Requirement:
Return, in their exact form, the lines that lie between the start of the data below and the line containing "K-Nine Lugano Eco", with both ends included.

Dataset items:
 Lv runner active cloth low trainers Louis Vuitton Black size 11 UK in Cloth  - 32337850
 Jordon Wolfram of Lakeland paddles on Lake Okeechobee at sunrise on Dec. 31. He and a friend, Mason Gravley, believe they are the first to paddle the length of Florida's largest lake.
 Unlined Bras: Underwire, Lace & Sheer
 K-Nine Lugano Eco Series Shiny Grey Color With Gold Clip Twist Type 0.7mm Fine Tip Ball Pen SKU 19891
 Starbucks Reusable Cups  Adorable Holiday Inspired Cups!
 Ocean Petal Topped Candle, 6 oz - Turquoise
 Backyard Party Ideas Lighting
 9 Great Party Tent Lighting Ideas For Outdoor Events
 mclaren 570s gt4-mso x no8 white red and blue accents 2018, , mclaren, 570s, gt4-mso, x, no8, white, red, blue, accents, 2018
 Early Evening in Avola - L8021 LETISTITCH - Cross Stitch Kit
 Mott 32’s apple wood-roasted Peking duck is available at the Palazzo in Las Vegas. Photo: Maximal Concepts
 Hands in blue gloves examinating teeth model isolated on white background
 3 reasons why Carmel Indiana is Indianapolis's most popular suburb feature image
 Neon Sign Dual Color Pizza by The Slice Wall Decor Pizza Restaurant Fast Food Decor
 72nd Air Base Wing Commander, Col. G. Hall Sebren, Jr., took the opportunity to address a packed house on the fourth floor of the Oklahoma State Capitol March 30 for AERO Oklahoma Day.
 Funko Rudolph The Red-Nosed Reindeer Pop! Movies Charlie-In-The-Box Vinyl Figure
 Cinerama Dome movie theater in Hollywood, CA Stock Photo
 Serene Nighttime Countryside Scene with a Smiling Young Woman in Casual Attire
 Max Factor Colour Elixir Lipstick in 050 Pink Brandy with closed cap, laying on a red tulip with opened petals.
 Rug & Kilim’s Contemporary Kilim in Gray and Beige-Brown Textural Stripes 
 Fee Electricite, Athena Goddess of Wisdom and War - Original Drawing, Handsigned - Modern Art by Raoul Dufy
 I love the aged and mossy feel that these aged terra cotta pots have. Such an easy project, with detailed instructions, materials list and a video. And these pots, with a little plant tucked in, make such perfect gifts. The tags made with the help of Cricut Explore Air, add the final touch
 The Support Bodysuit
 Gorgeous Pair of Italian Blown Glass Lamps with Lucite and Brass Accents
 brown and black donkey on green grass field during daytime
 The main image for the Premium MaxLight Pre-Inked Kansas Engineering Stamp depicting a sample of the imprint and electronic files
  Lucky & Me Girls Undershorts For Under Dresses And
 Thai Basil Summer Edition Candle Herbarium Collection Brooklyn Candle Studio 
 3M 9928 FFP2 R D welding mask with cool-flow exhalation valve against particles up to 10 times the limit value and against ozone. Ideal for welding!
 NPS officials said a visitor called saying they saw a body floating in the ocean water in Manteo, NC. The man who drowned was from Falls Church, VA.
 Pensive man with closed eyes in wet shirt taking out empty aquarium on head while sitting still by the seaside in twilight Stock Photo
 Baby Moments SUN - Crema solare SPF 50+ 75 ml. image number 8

Result of this task:
 Lv runner active cloth low trainers Louis Vuitton Black size 11 UK in Cloth  - 32337850
 Jordon Wolfram of Lakeland paddles on Lake Okeechobee at sunrise on Dec. 31. He and a friend, Mason Gravley, believe they are the first to paddle the length of Florida's largest lake.
 Unlined Bras: Underwire, Lace & Sheer
 K-Nine Lugano Eco Series Shiny Grey Color With Gold Clip Twist Type 0.7mm Fine Tip Ball Pen SKU 19891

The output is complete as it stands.